Daí, a conclusão apontada ainda por Zeichner, “as mudanças qualitativas nas práticas de salas de aula somente ocorrerão quando os professores compreenderem e aceitarem como suas estas mudanças”. Em outras palavras, quando os professores forem reconhecidos como agentes ativos neste processo. Em função desta constatação cresceu nos últimos 20 anos, na literatura educacional, a discussão sobre a importância de se pensar a formação de professores como profissionais reflexivos que desempenham um papel central na condução do processo ensino-aprendizagem e na tomada de responsabilidade por seu próprio desenvolvimento profissional.
A idéia da professora como um profissional reflexivo surge a partir do reconhecimento dos saberes que estão presentes nas práticas dos bons professores. Isto significa que a prática reflexiva implica um processo de reflexão sobre a própria experiência que, na avaliação de Schön (1992), envolve três movimentos: o conhecimento-em-ação; a reflexão-em-ação e a conversa-reflexiva-com-a-situação.
O conhecimento-em-ação é o conhecimento construído e revelado no cotidiano. É um conhecimento não problemático, que emerge na própria ação, podendo ser observado e descrito.
A reflexão-em-ação acontece no decorrer da ação pedagógica e não se vale de palavras. No processo ensino-aprendizagem, ocorre, por exemplo, quando a professora é interrompida em sua explicação ou na orientação que está dando para alguma tarefa, para responder às perguntas inesperadas ou resolver problemas não previstos. Corresponde a uma investigação efêmera, que emerge e desaparece rapidamente, dando lugar a outro evento, mas deixando em seu rastro uma visão talvez mais clara da situação.
O terceiro movimento, a conversa-reflexiva-com-a-situação, acontece quando a professora/pesquisadora surpreende-se com algum obstáculo que a perturba e provoca incerteza. Busca então refletir e transformar a situação de modo a eliminar a incerteza.

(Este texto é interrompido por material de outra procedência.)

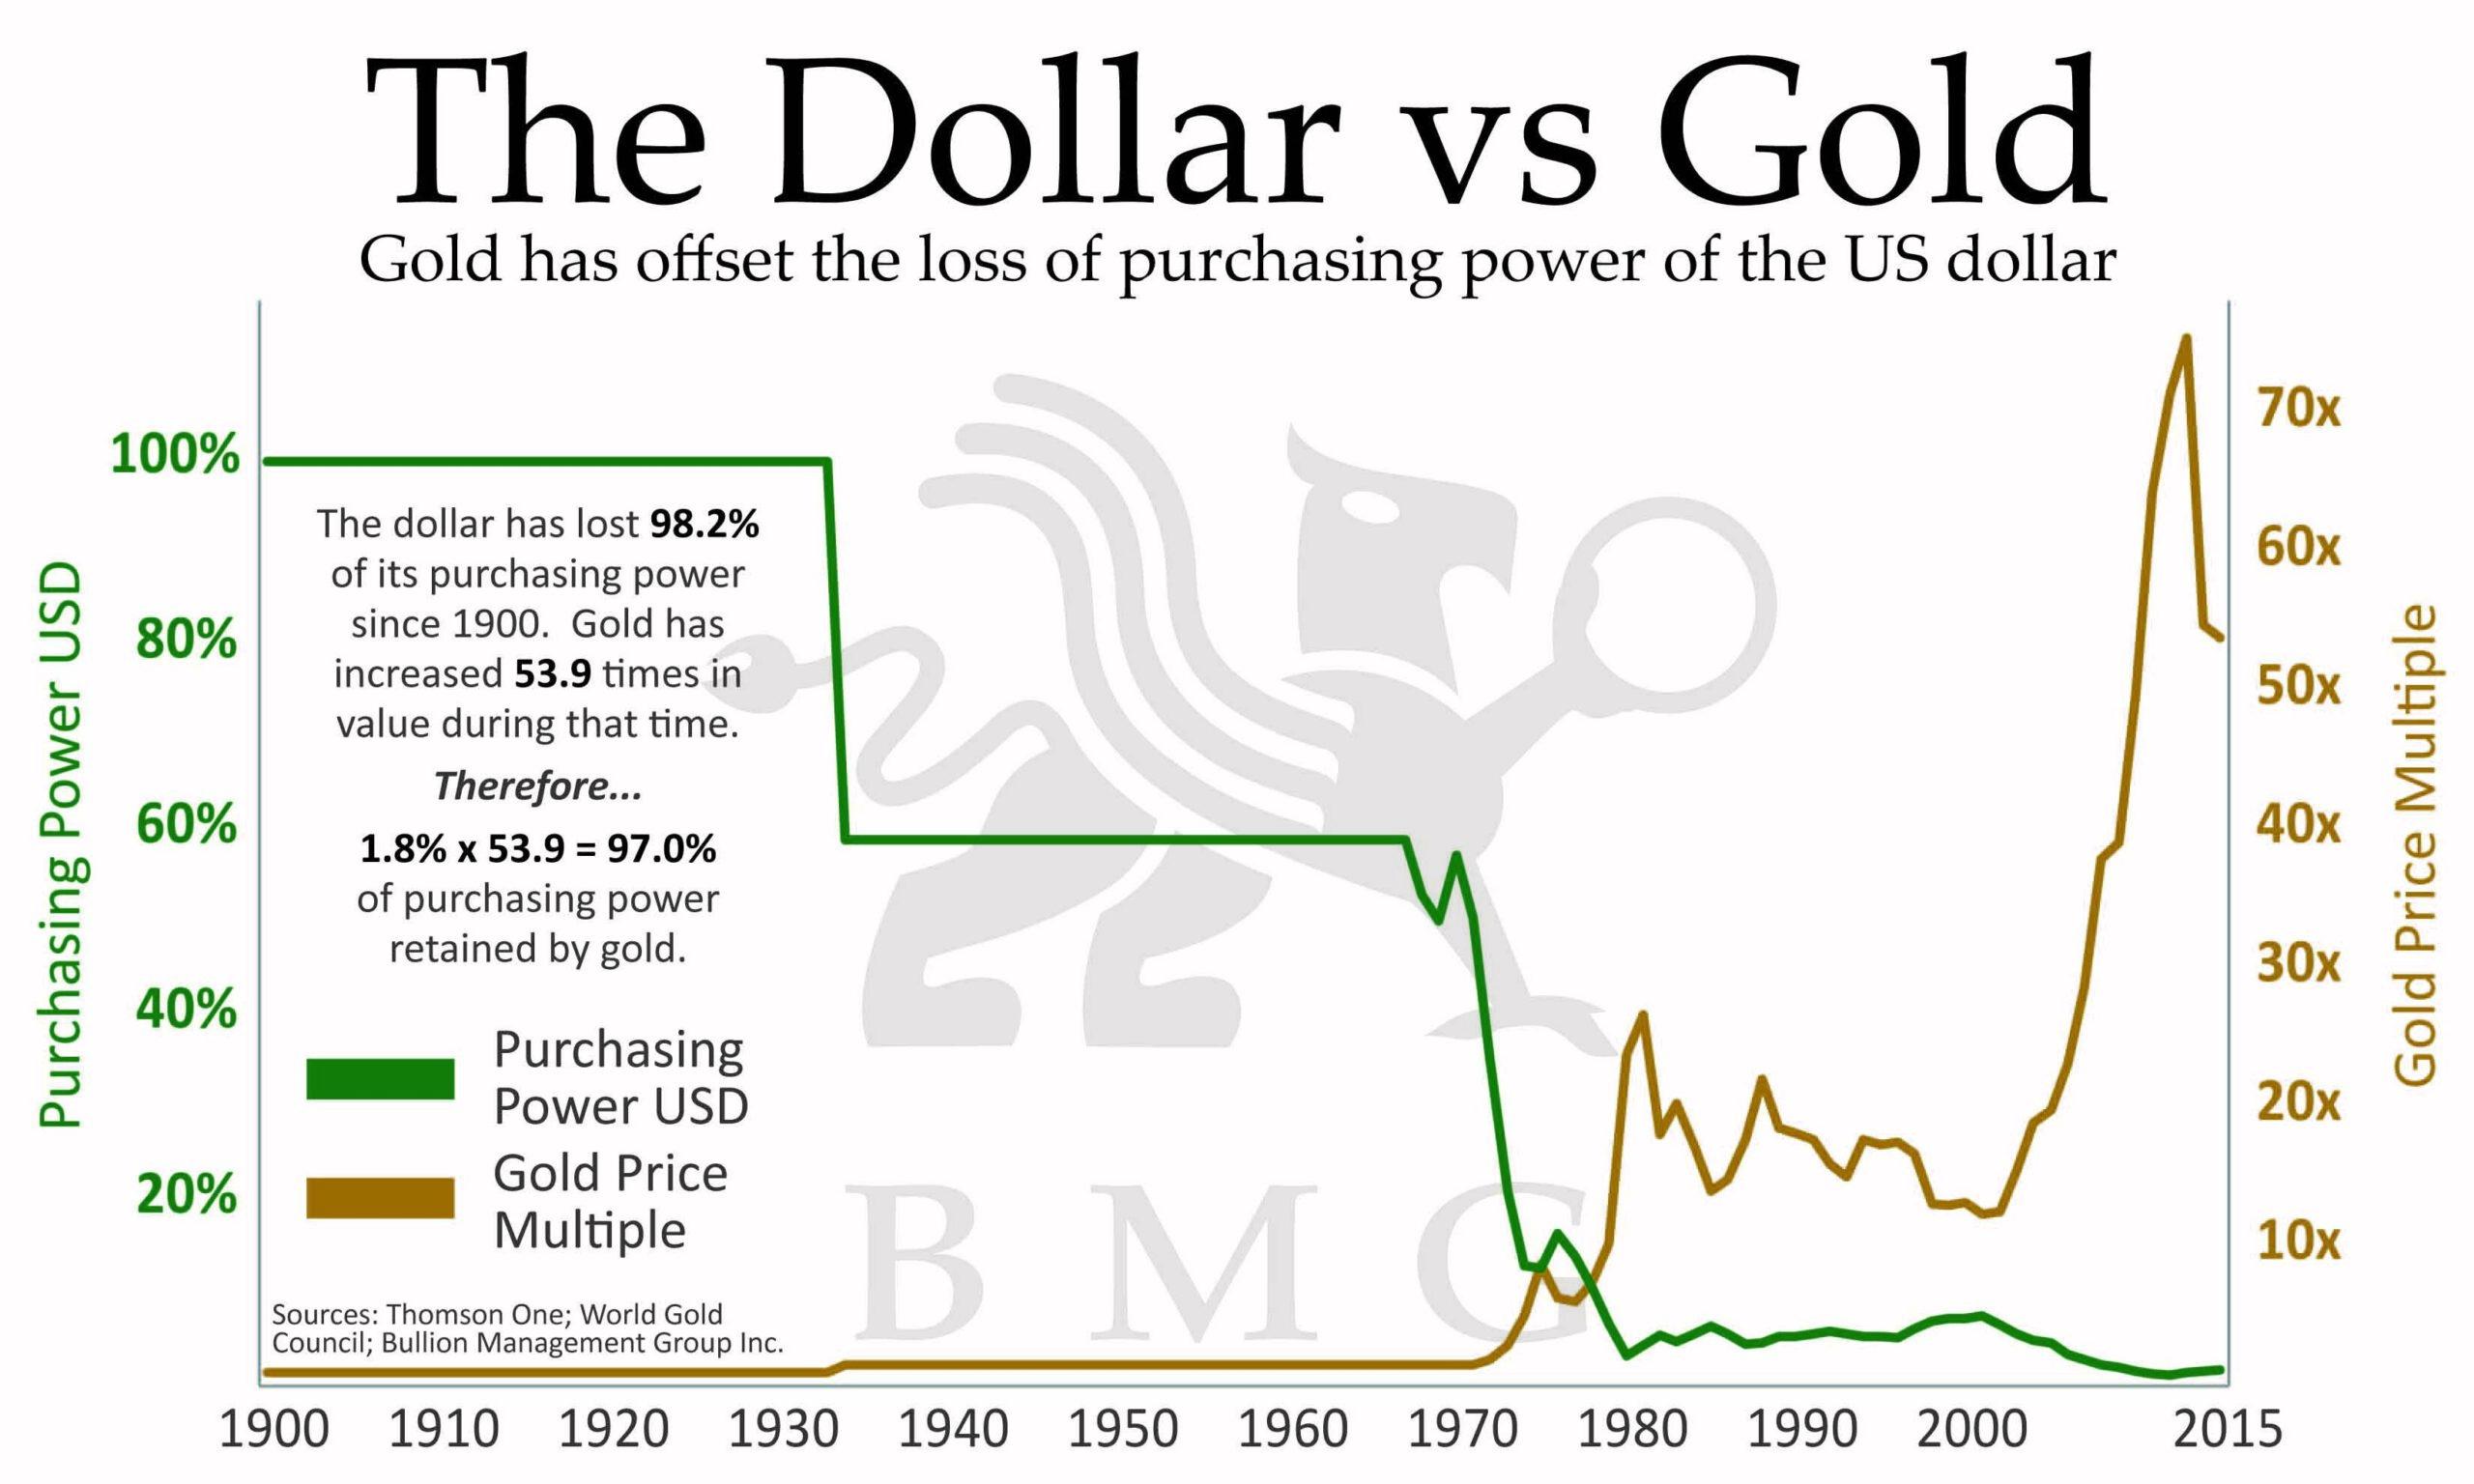 DOLLAR-VS-GOLD عن خسارة الدولار 98% من قدرته الشرائية وارتفاع الذهب 53 مرة منذ 1900 إلى الآن

No exercício da prática cotidiana, a professora se depara com problemas para os quais não tem resposta imediata, sendo forçada a buscar soluções, procurar alternativas, construir caminhos. Da prática emergem as questões, as necessidades e os caminhos para dar conta destas questões. É esse movimento de investigação e produção de conhecimentos que caracteriza a natureza pesquisadora da prática docente. Daí a importância de se pensar a qualificação da professora como pesquisadora, desde os Cursos de Formação, de maneira que se possa romper a tradicional dicotomia teoria e prática, percebendo-as numa perspectiva dialética, na qual os desafios da prática cotidiana promovem a busca por novos conhecimentos que por sua vez, transforma a prática inicial numa nova prática.